London. 2018. Belting and melting through July. I’ve lived in and around London for the  majority of my sixty years and until recently couldn’t see a time in the future when I would live anywhere else. However, in 2017, some dynamics – not catastrophic – entered the game and changed the position. Looking ahead and by the end of 2019 it was very possible that I would need to vacate the smoke to help bridge some gaps.

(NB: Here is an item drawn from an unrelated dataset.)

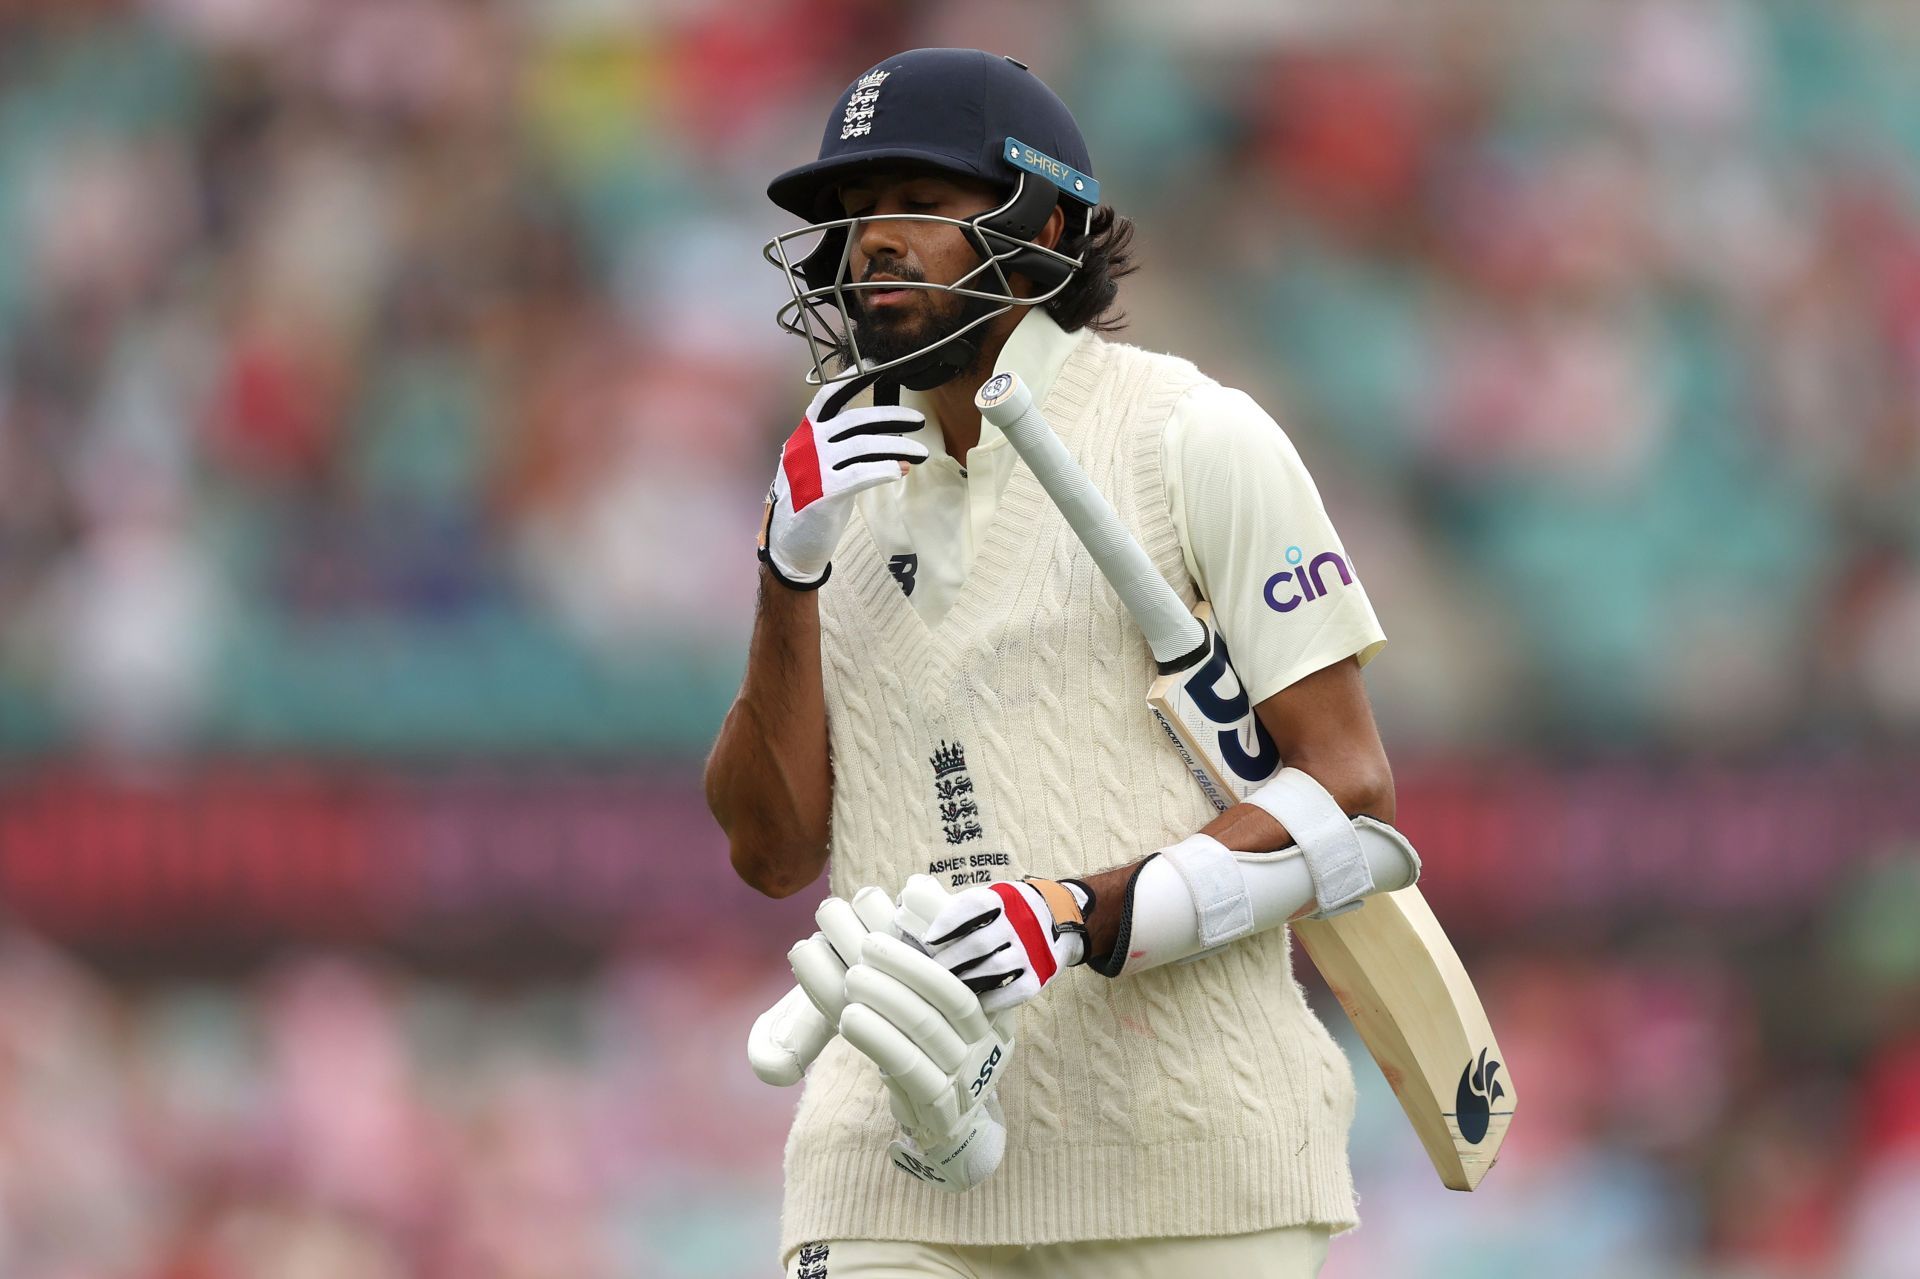 Haseeb Hameed, along with Zak Crawley formed what was England&#039;s 4th different opening combination of 2021 during the 3rd Ashes Test at the MCG.

A lot of things to consider then. A life changing decision. Perhaps? The money’s on somewhere on the south coast. Kent or maybe Sussex. Leaving aside a detailed and unnecessary list some factors to consider include family, friends, cost, transport links and frankly the weather. Essentials though, and in no particular order:

  • A kitchen with sufficient work surface that when you toast some muffins and make a cup of tea it doesn’t look like a bomb has gone off
  • At least two nearby pubs to create the illusion that you don’t go drinking every night (I don’t by the way although denial can come in many forms)
  • A minimum of one Indian Takeaway within staggering distance or at a push moped delivery (no other fast food options necessary)
  • A venue within bus, train or taxi distance which is able to attract half decent tribute bands and rising sub-culture
  • A modest garden, south facing and with a degree of privacy

So how do you go about this without spending the next six months watching repeats of “Escape to the Country,” or “Homes Under the Hammer?” Do you just go onto a website and randomly study property types and price range searches on Yaboo, Plastic Zoos or Turtle Shells in each town and community between Portsmouth and Erith in the hope that the pretty little white painted house or bungalow, with a sea view to the south and the Downs in the north, and with the wisteria climbing up the side wall, will magically arrive on your screen? Well yes you could, and maybe that’s all I should do.

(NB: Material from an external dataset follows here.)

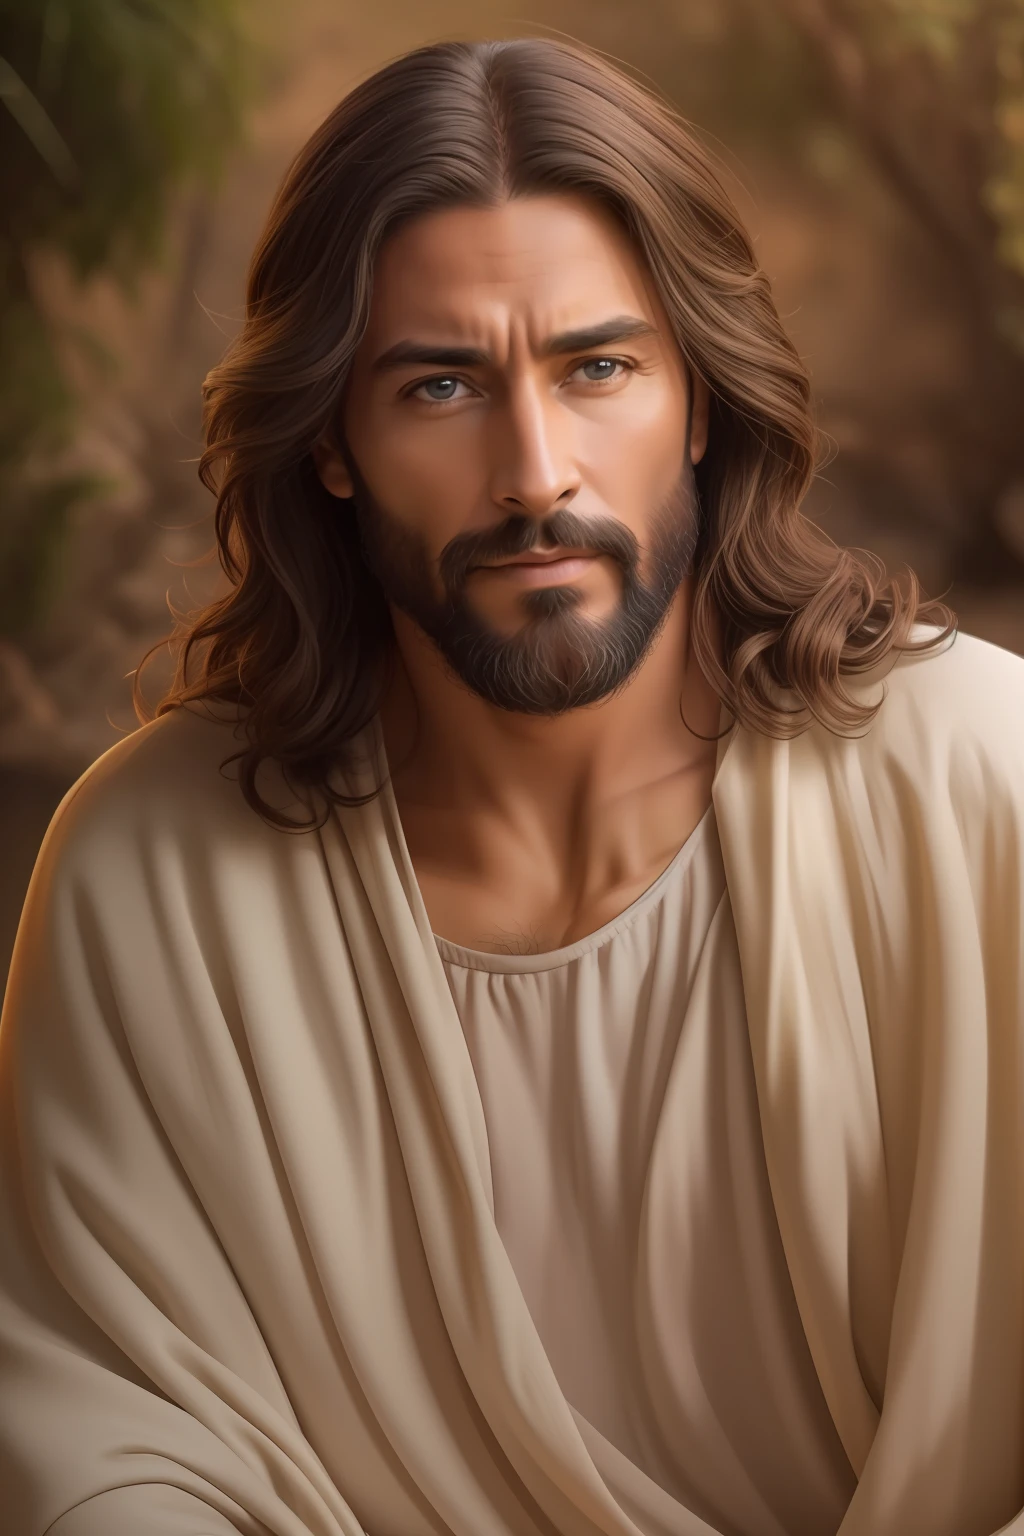 Generate a realistic style image of Jesus, The paradise of celestial background , looking straight ahead .with long brown hair and beard. His eyes are kind and expressive,, ensure the image is high quality and rich in detail, capturing the essence of Jesus , highly detailed skin: 1,2 8k uhd , 20MP, Fujifilm XT3, 80mm

But is it really that straight forward? It feels just a bit one dimensional. That dream home may well be about to come up; somewhere. I may have been to that somewhere before and have a reasonably good idea whether or not to follow it up. But if I haven’t, or I have, but it was so long ago, or I was so drunk that any memory of the place has faded away like an old photo left in a frame on a sunny window ledge for too many years – what then? Even if I do think I know that somewhere from a relatively recent visit, I’ve seen with my own eyes how quickly things are changing? Not just in London or the other big cities. It’s pretty much everywhere. Go to Portsmouth and see what’s happened to the town centre in the last few years. There’s not a jolly Jack Tar in sight and the shopping centre near the docks has more exclusive outlets than Regents Street. Even small towns and villages are, willingly or not, liberating land round their edges for housing to meet targets (or line pockets).

So, what other strategies could I deploy?

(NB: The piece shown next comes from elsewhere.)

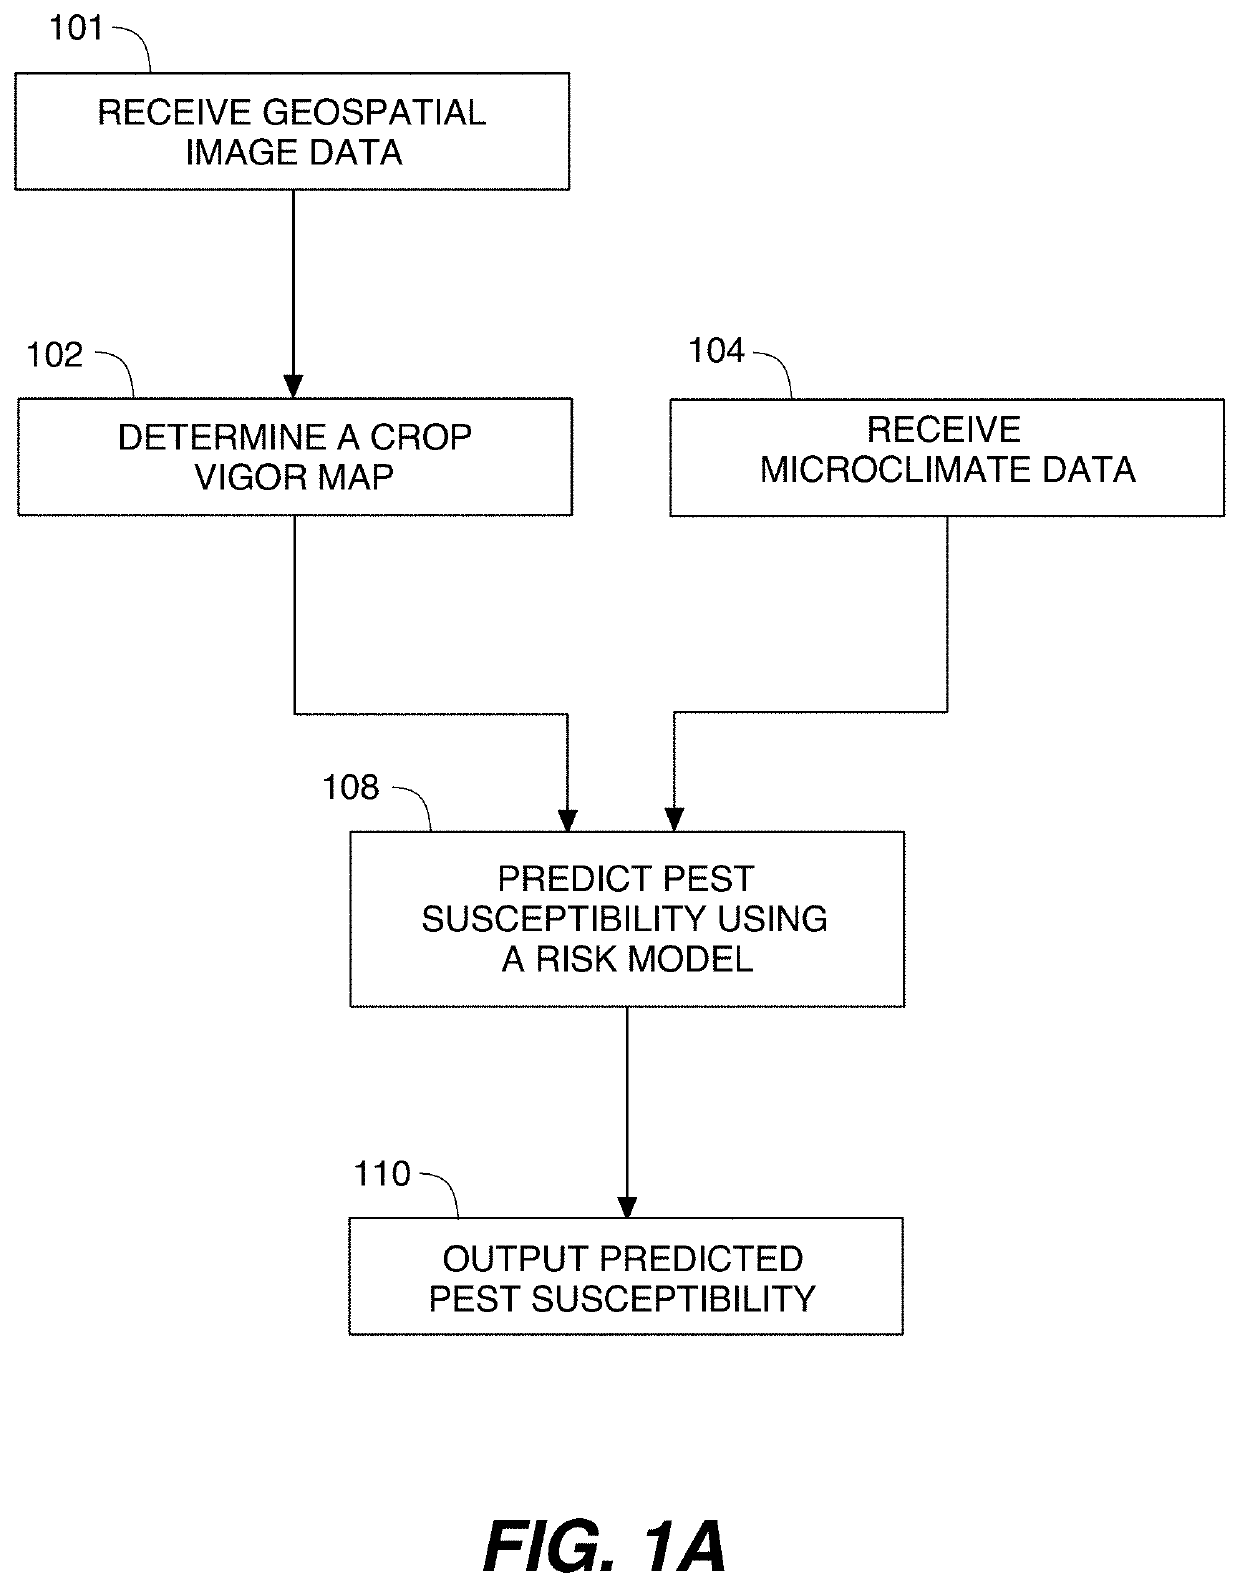 Methods and systems for crop pest management utilizing geospatial images and microclimate data

Word of mouth is certainly helpful but on it’s own has only a limited value.

I could of course drive my old banger out of London once a week (requiring a minimum of one hour to get to any part of the M25), then take one of the main roads, you know the M20 or M23 or even the M3. They work don’t they – mainly? Or, and blimey I nearly forgot,the A3, A24, A22 and A21 (and others in-between). Honestly, I don’t know what people in the North are on about when they complain about not being connected (trains excepted). I mean seriously, apart from some nice views, and villages that have yet to benefit from a by-pass, these classic coaching routes that are the veins and arteries of the south-east, are nothing short of being errrr….well coaching roads! Yes, so no, driving is not a realistic option. I don’t enjoy driving that much and really don’t want to spend long days (and nights) at the wheel just getting to and from a place where I’d be spending another couple of hours weaving up and down avenues and cul de sacs in the search for my ideal home and heating up the planet in the process.

Well – there is an alternative of course, and one that any sane person with a PC, tablet or android would undoubtedly use in these times. Yeah, you know what I’m talking about? That street view tool that allows you a virtual drive down every road, close, and some by-ways in the country and that takes the pain and cost out of motoring. I’ll confess it’s useful but it’s not reality (or maybe it is but I just haven’t caught up yet).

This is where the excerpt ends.